Smalls, unlike some of his black political contemporaries, such as Richard H. Cain, William Whipper, and Francis Cardoza, was not formally educated, though he may have periodically hired the services of a tutor. He spoke with a strong and distinct Gullah accent which he exaggerated when speaking to the less educated, but toned down when conversing with the more affluent. Smalls was a practical man who made practical decisions. This sometimes placed him at odds with more radical black Carolinians who felt he should place commitment to members of the race first at all times. Smalls was genuinely concerned about the opportunities for freedmen, but also for poor whites. Throughout his career he promoted education reform, and was a founder of the first public school in Beaufort County. He was a supporter of public works, internal improvements, relief for individual constituents, and agricultural innovations. Smalls further championed suffrage for women and recruitment of blacks in the federal and state militias (reaching the rank of Major General of the Second Division in the South Carolina National Guard).

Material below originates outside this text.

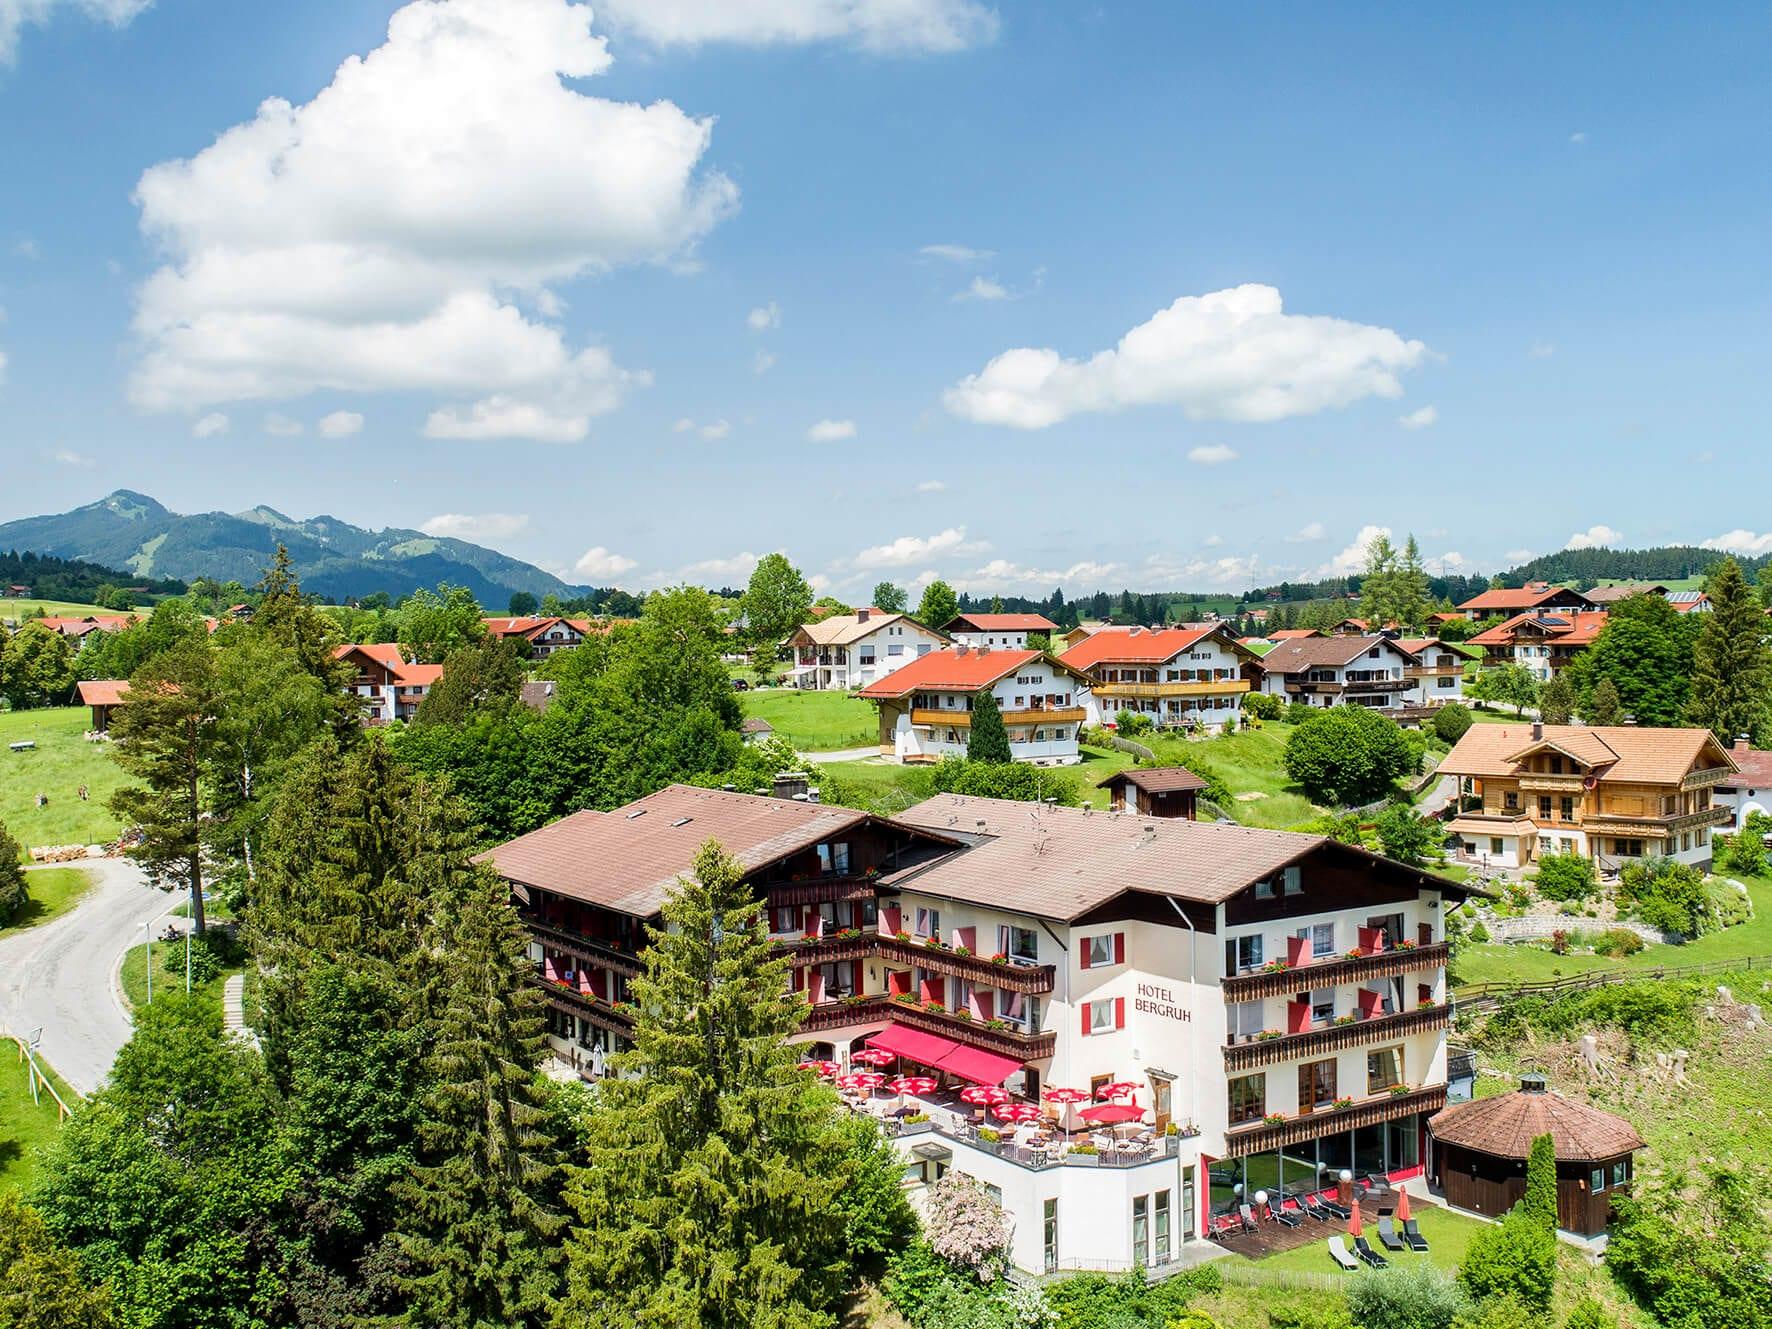 Hotel Bergruh, Weissensee

Gullah Statesman provides cursory examination of Smalls parentage and family life. While there are disputes regarding who his father was, "there is no doubt that he was white". (p. 7) Though limited, the reader is introduced to Smalls's childhood environment, his first marriage to Hannah Jones, and after her death a second marriage to Annie Elizabeth Wigg. His first marriage produced three children: Elizabeth Lydia, Robert Jr., and Sarah Voorhees. A son, William Wigg Small, was the sole offspring of the second marriage. In his later life, Smalls suffered from a variety of ailments, including phlebitis, diabetes, "recurring" malaria, and rheumatism.

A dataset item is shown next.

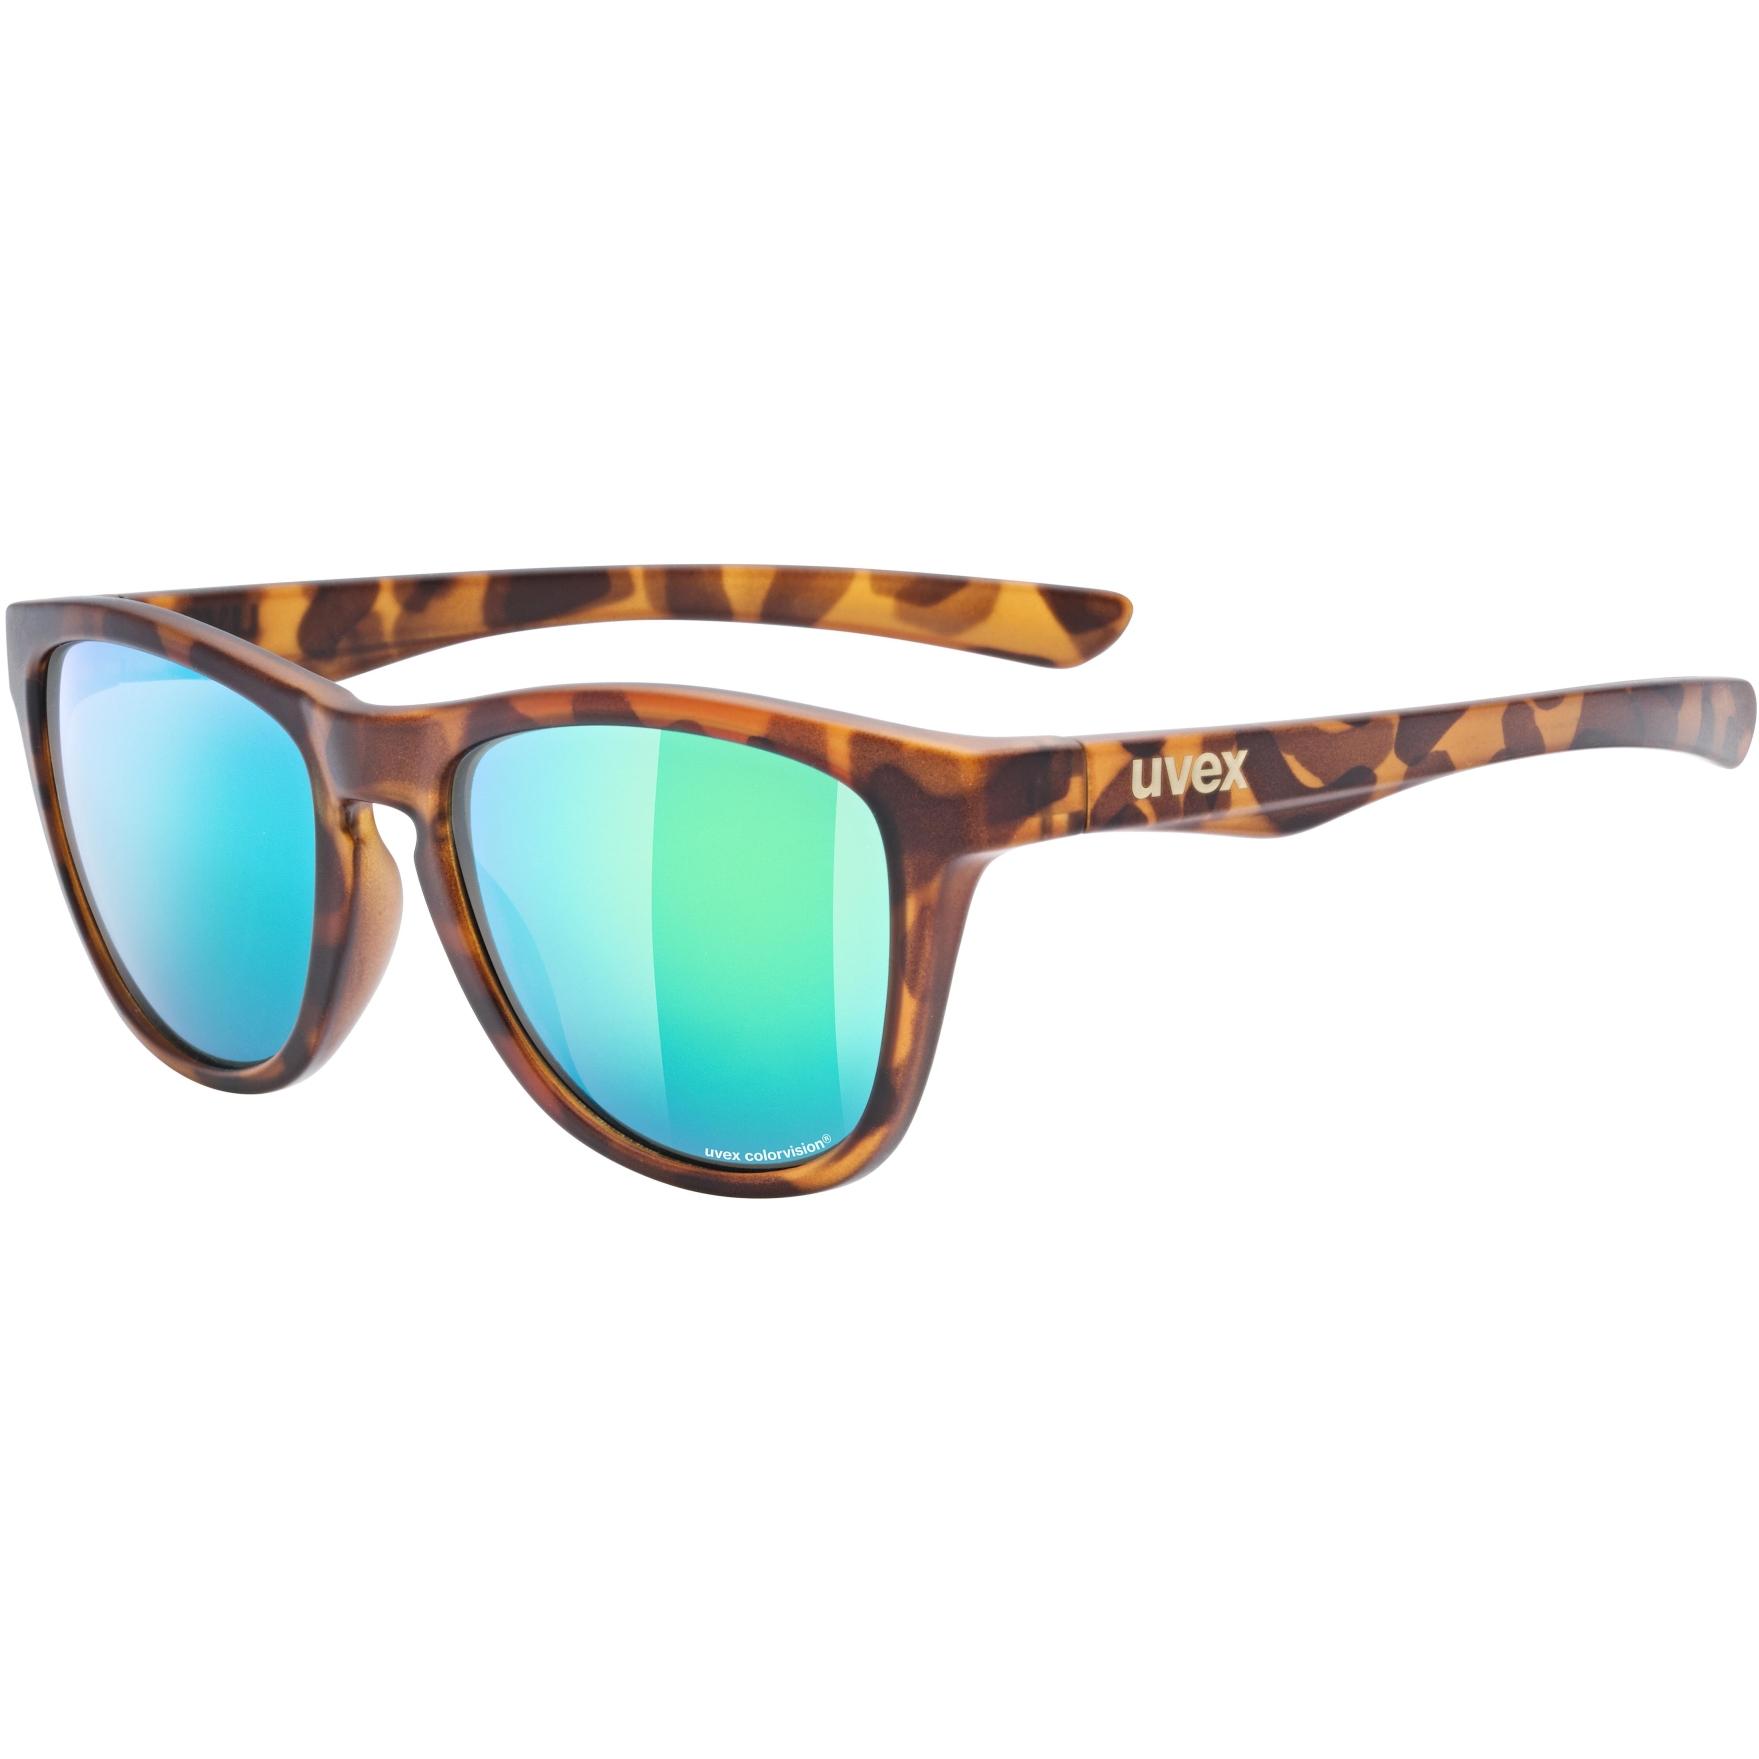 Uvex lgl 48 CV Glasses - havanna mat/colorvision mirror green

The strength of Gullah Statesman is the author's attention to political detail. Miller provides valuable examination of the South Carolina political situation during Radical Reconstruction, Conservative Redemption, and Democratic Supremacy. His descriptions of Wade Hampton and the Red Shirts movement, George Tillman (brother of Benjamin Tillman) and the Edgefield Plan, and the subsequent statewide disfranchisement of black voters is particularly well done. By the same token, weaknesses are the cursory treatment of Smalls's early life as a slave, and the significance of his Gullah background. For example, coverage of Smalls's life from 1839 to 1862, before his historic runaway from slavery and the Planter incidence, is contained on less than three pages (pp. 7-9). Likewise, his Gullah background is not introduced as a factor until almost midway into the text (p. 104). Another weakness is lack of attention to social history. Were there other siblings, and if so, what was Smalls's relationship with them? How did relatives of his owner and alleged father react to him? What kind of husband and father was he? What role did religion play in his life? What accounted for the failed attempt to publish a newspaper, Southern Standard, from 1872-1873? Were the Loyal League, Lincoln Brotherhood, and Union League factors in Beaufort and South Carolina politics? If so, was Smalls active in such organizations? These are some questions, the answers to which would have added greatly to the significance of the study.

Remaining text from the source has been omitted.